• [YOUR ASSIGNMENT] Repeat everything in the data exactly except images.

• [COLLECTED MATERIAL]
•••••
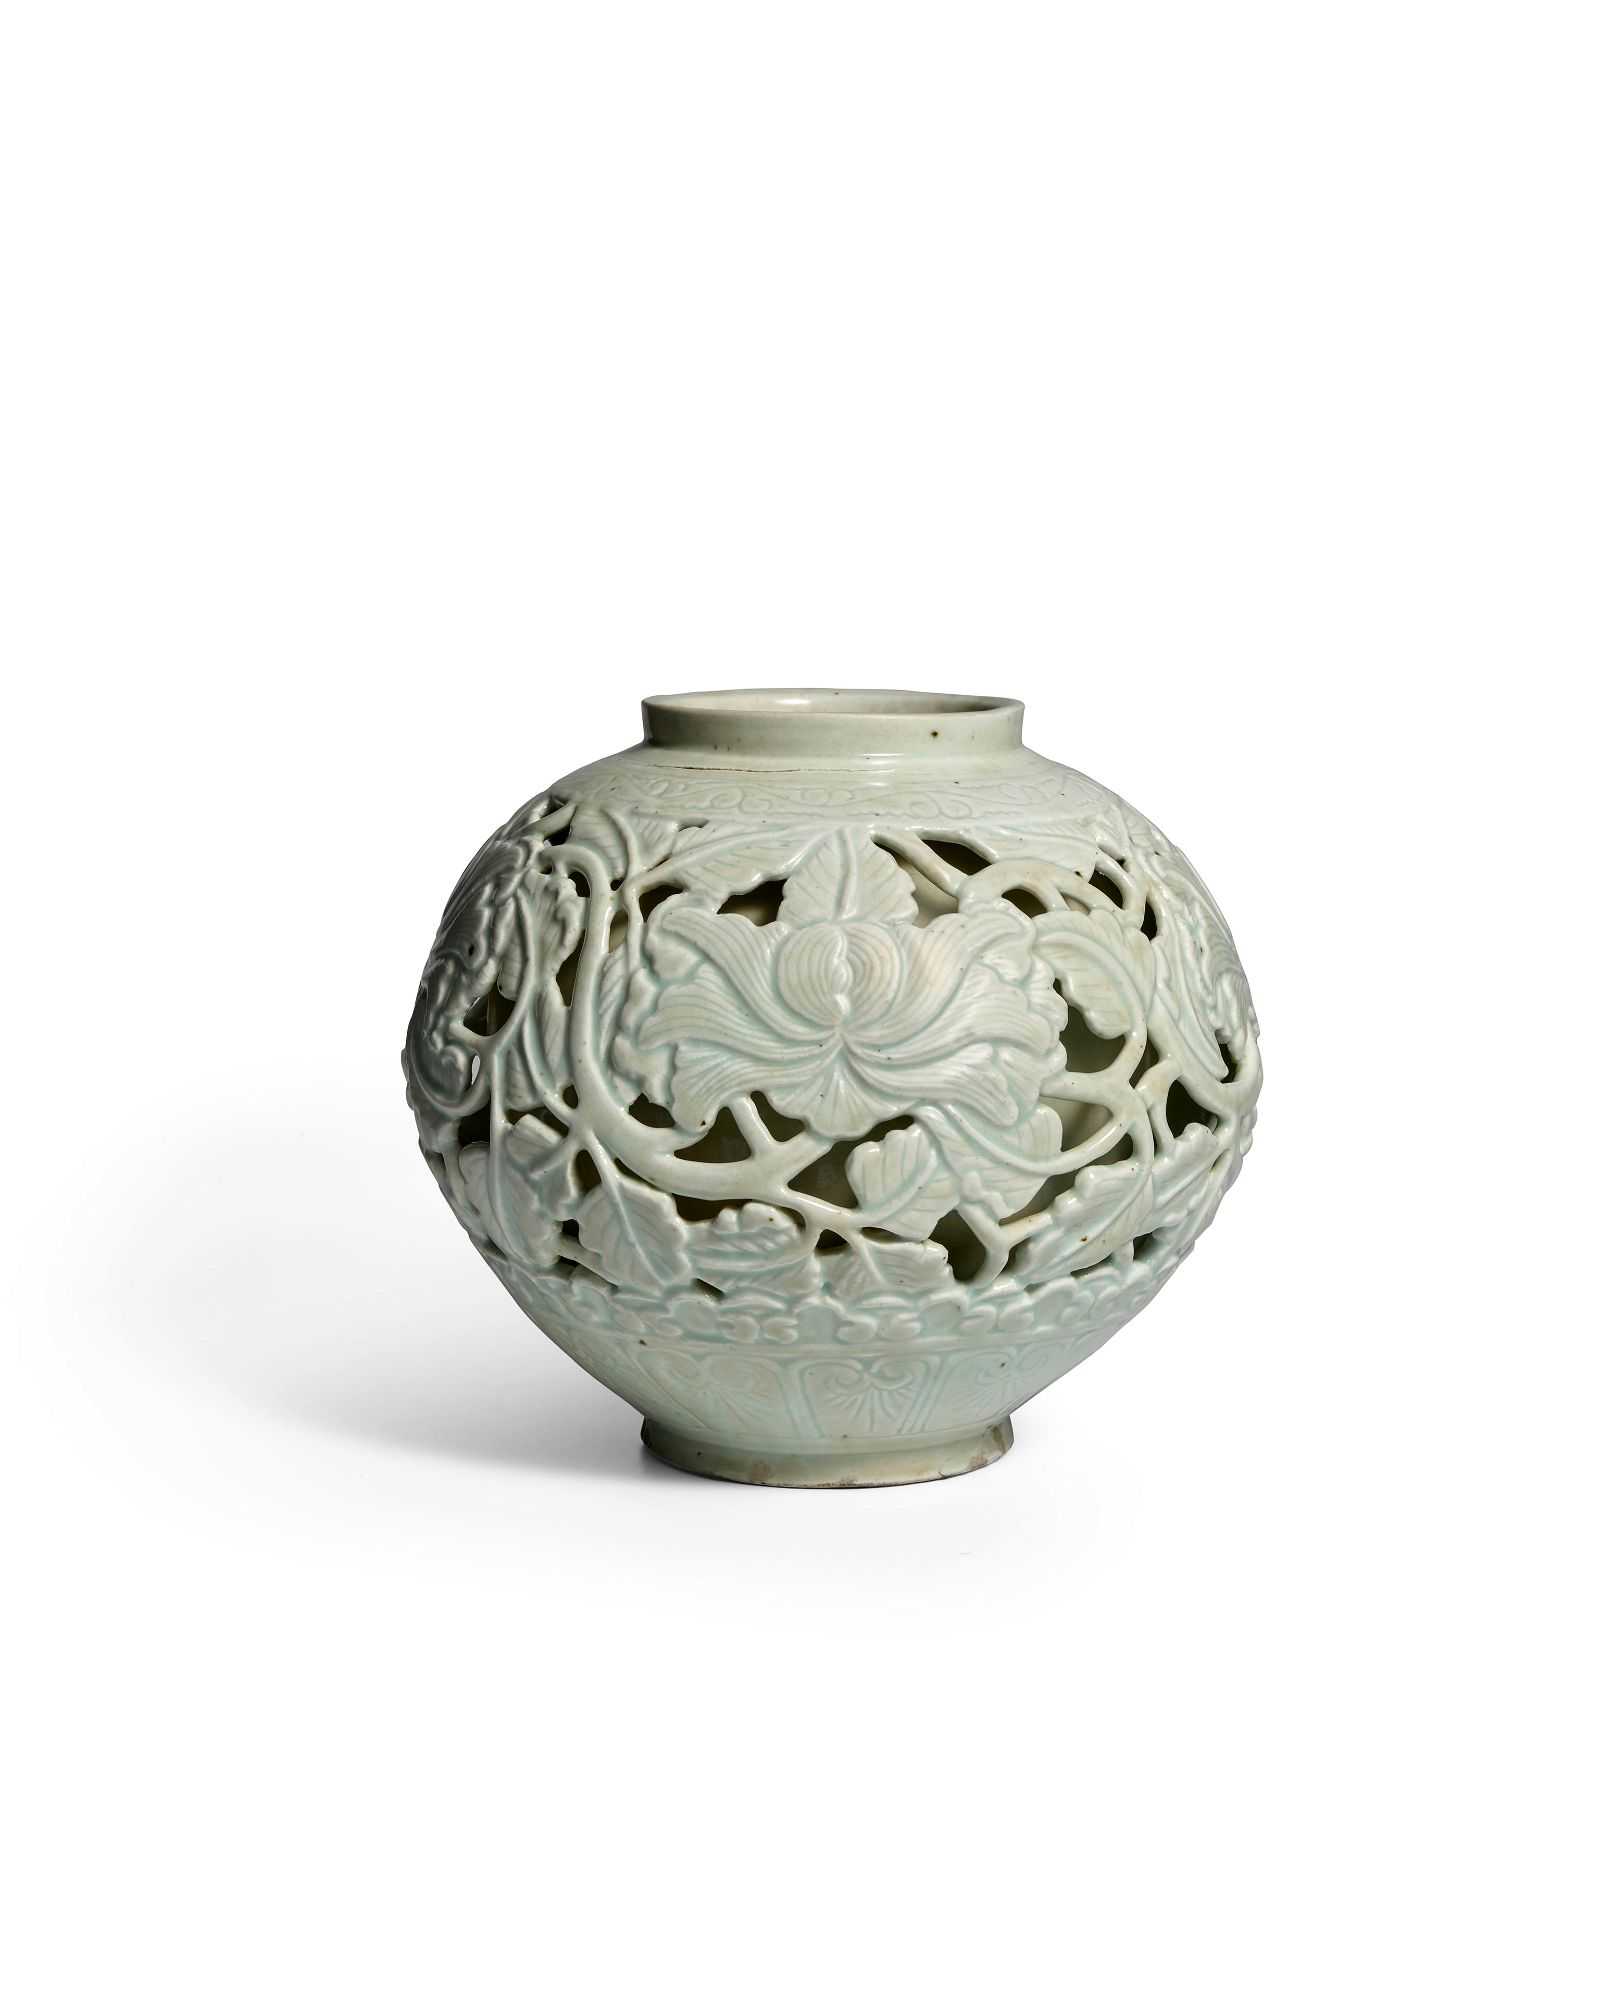 Joseon dynasty white porcelain reticulated jar, which hammered for $200,000 and sold for $256,000 with buyer’s premium at Bonhams’ sale of Fine Korean and Japanese Art on March 21.
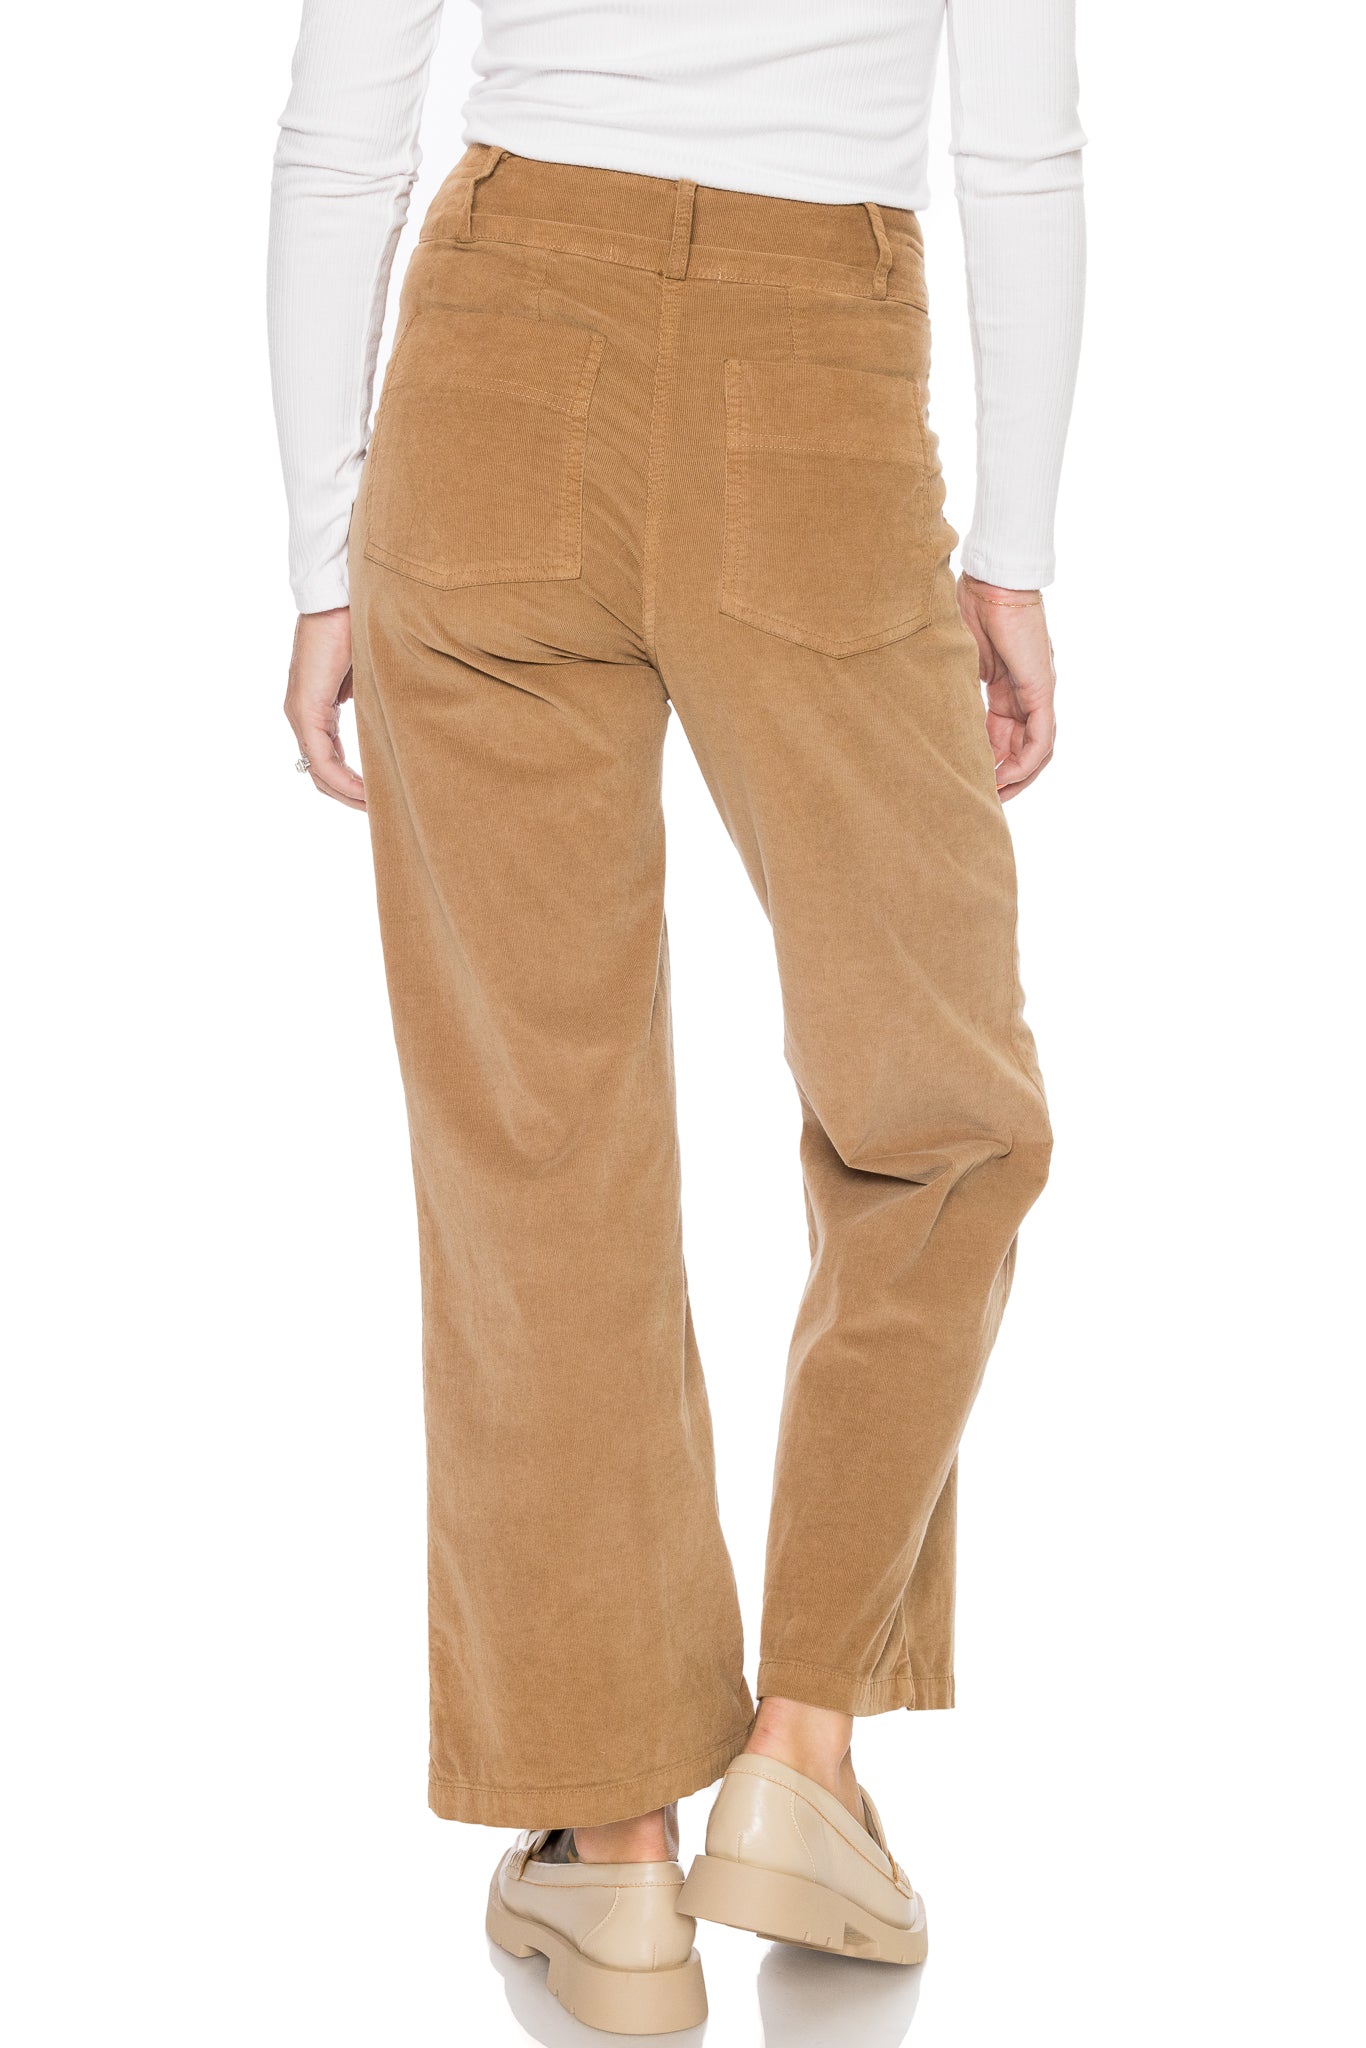 Aria Pants by Self Contrast
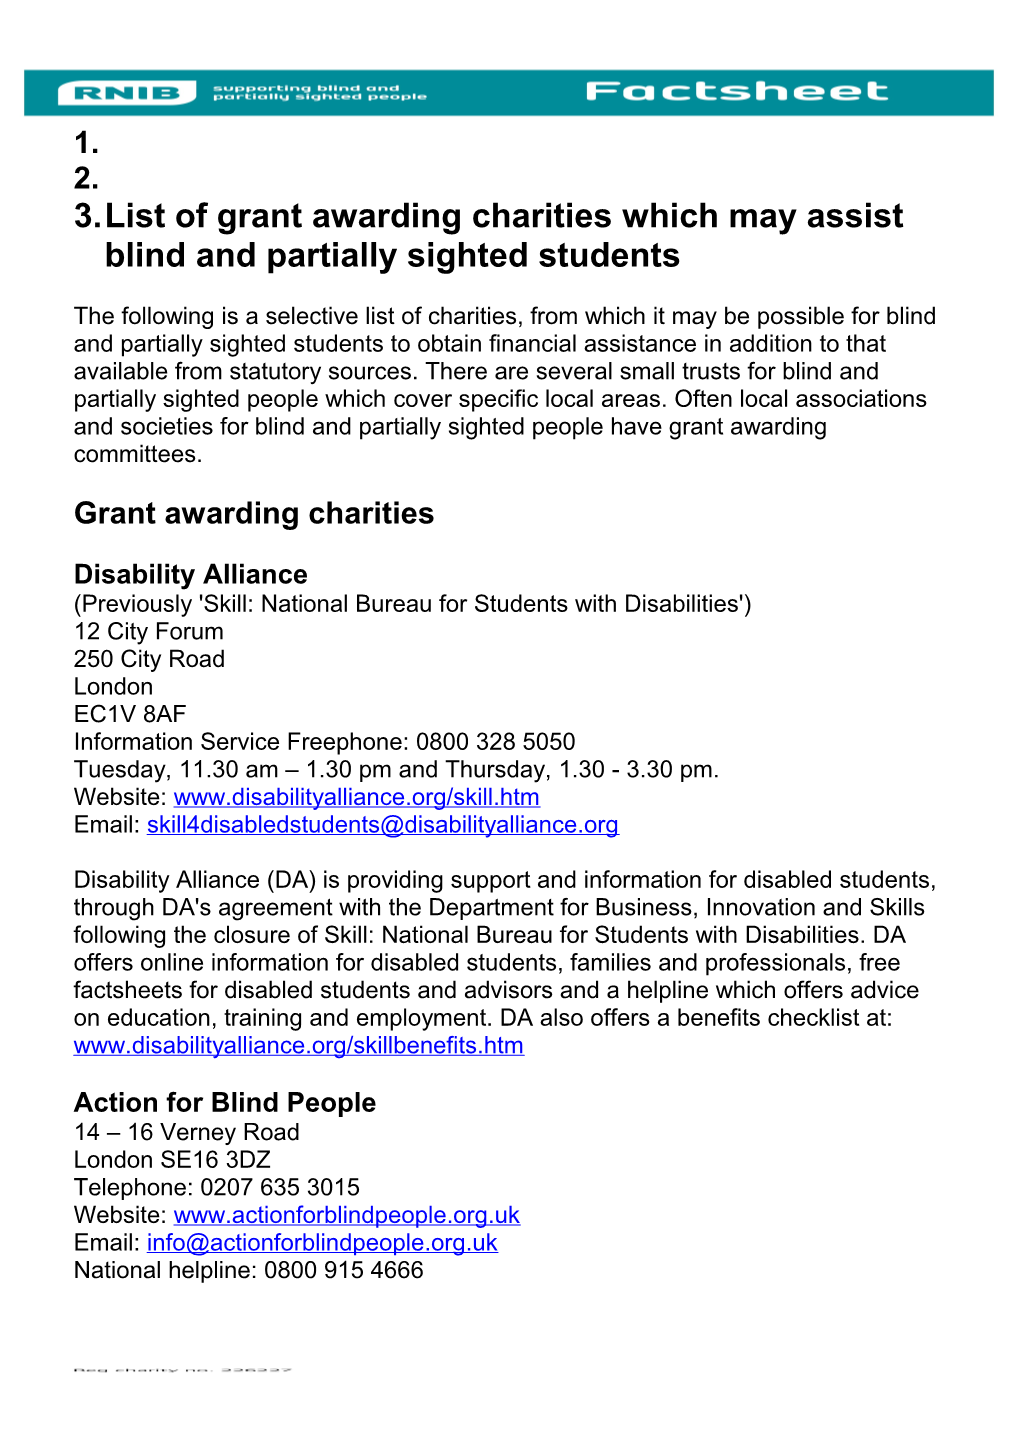 Grants for Blind and Partially Sighted Students
•••••
• [RESULT OF THE EXERCISE]
 Joseon dynasty white porcelain reticulated jar, which hammered for $200,000 and sold for $256,000 with buyer’s premium at Bonhams’ sale of Fine Korean and Japanese Art on March 21.
 Aria Pants by Self Contrast
 Grants for Blind and Partially Sighted Students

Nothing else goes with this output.